● **Problem to solve**
Write the data out again exactly, with no pictures.

● **Information supplied**
════════

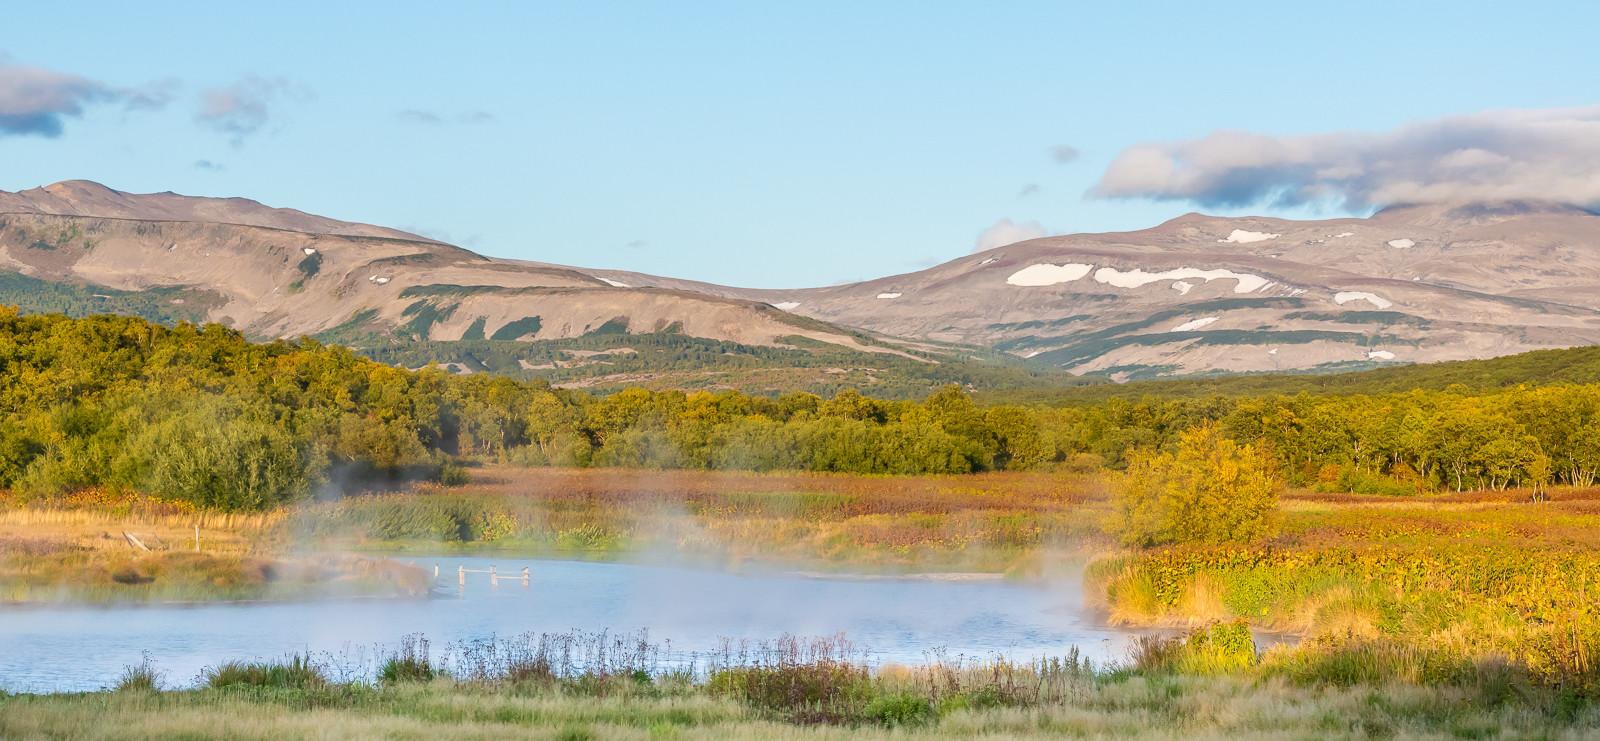 1809Kamchatka-landschap-4.jpg
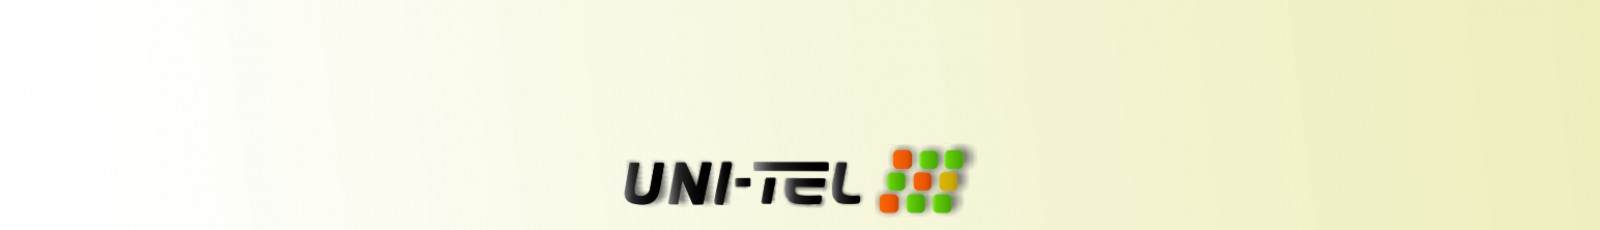 cropped-UNI-TEL-Website-Banner1.jpg
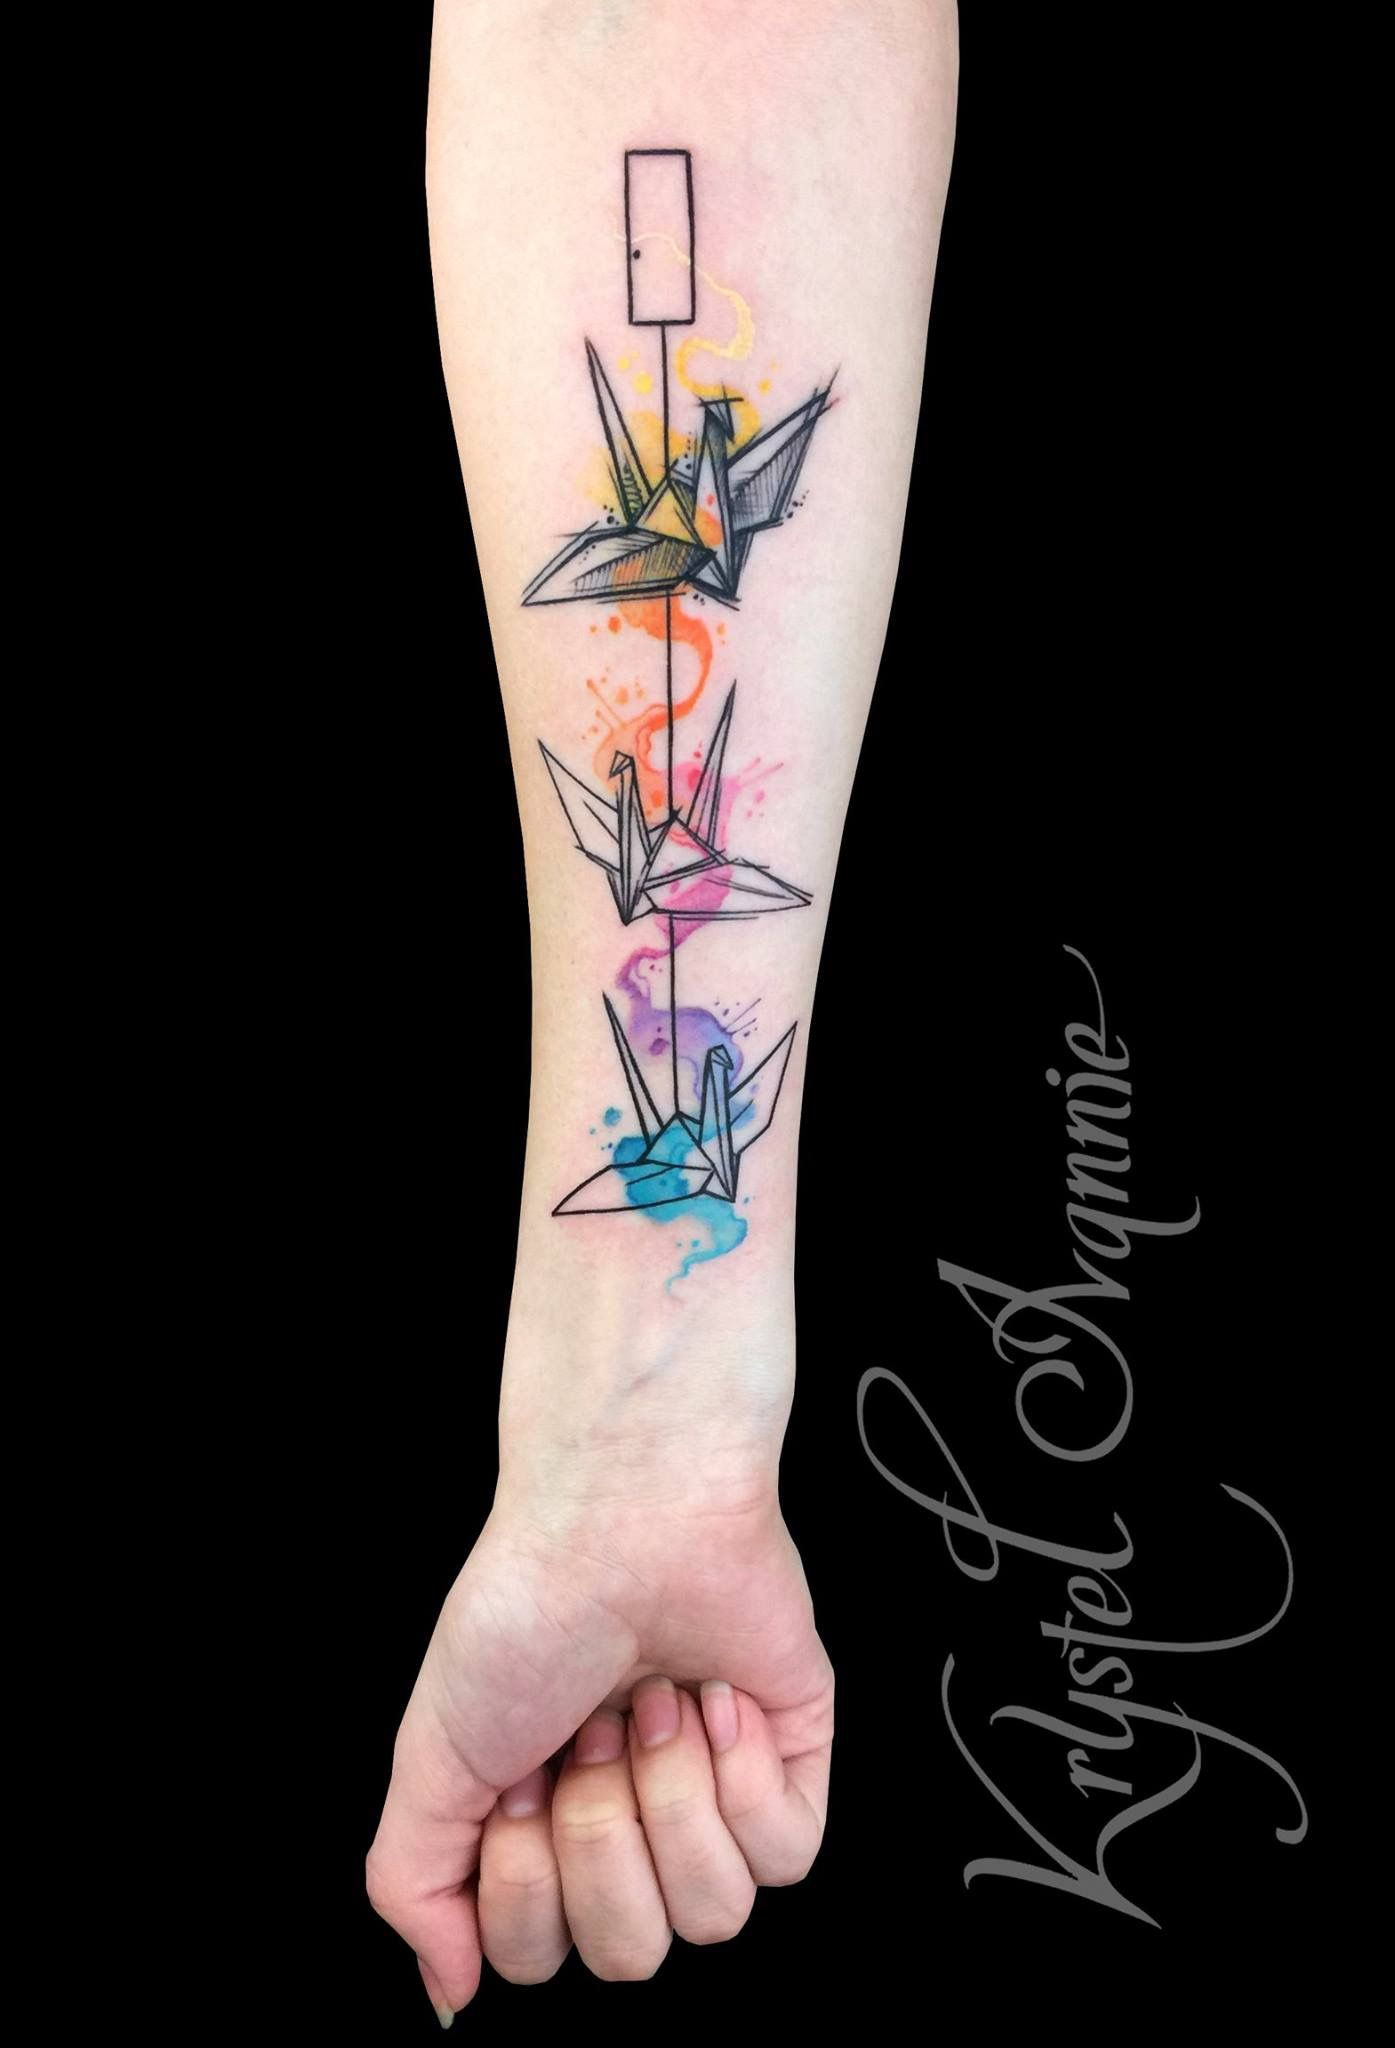 837a96d90 Origami crane tattoo | Tattoos | Origami tattoo, Crane tattoo, Paper ...
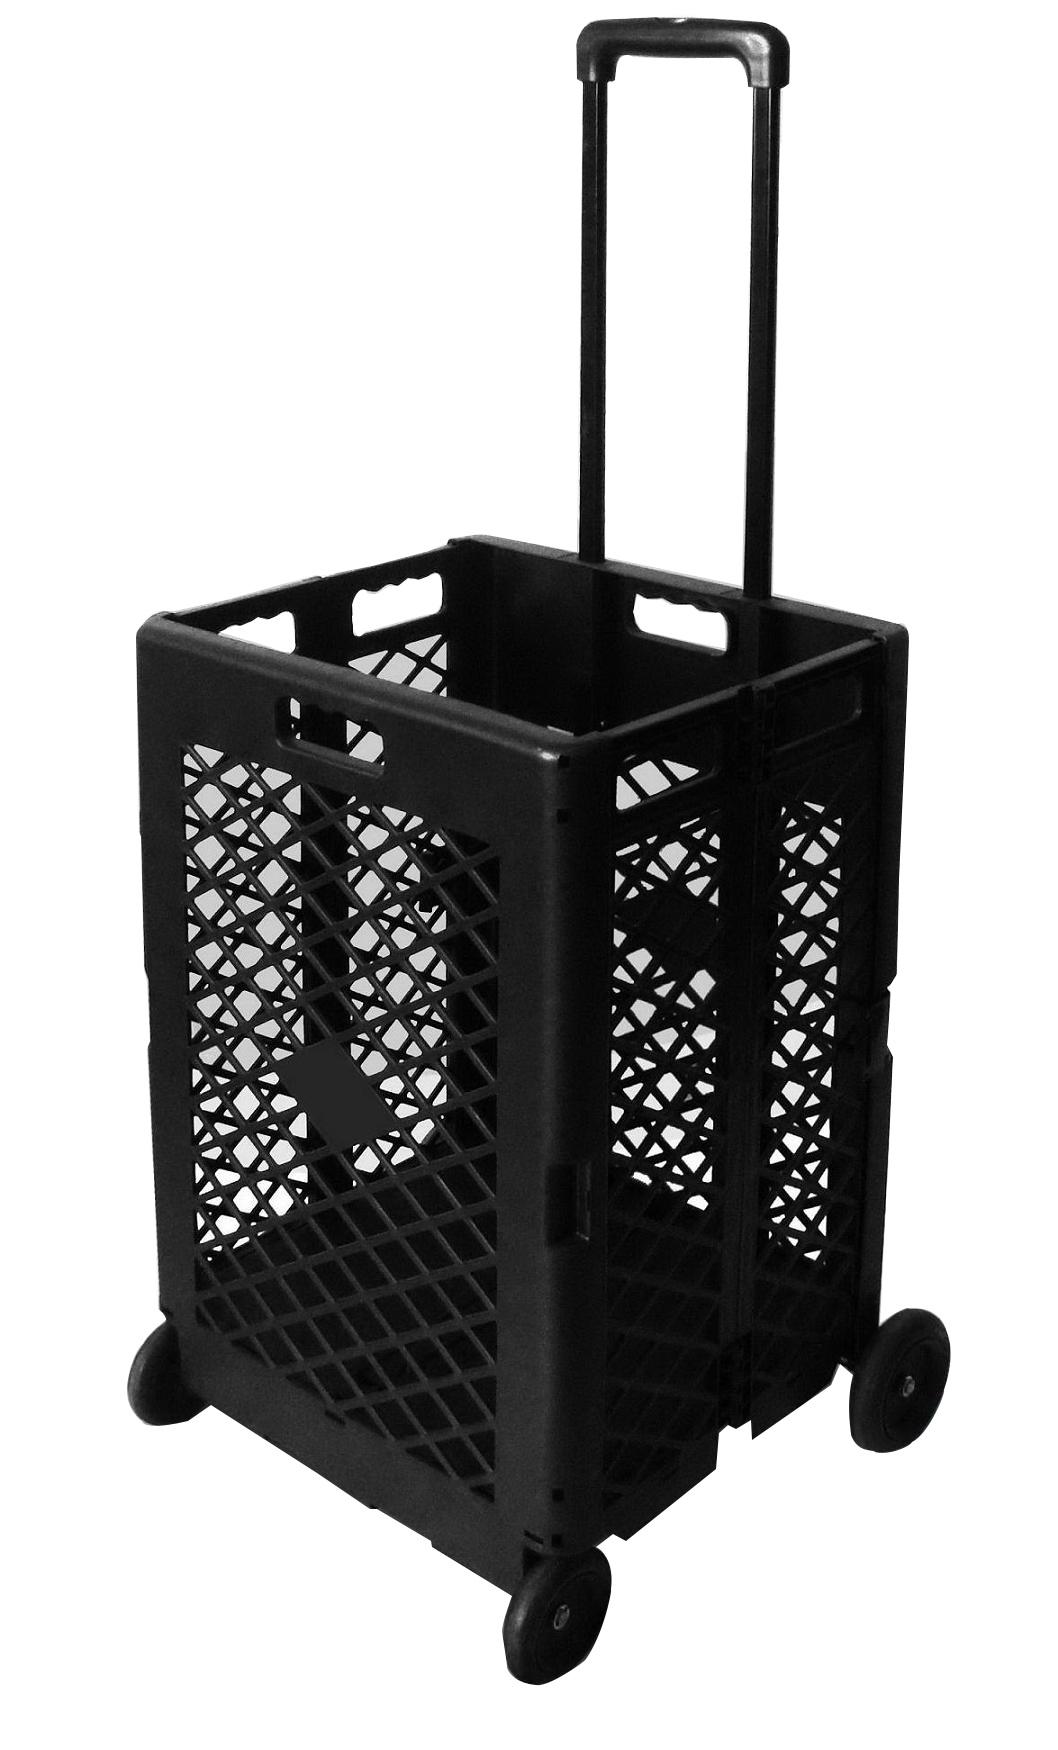 Extra Capacity Plastic Shopping Cart

════════

● **Answer space**
 1809Kamchatka-landschap-4.jpg
 cropped-UNI-TEL-Website-Banner1.jpg
 837a96d90 Origami crane tattoo | Tattoos | Origami tattoo, Crane tattoo, Paper ...
 Extra Capacity Plastic Shopping Cart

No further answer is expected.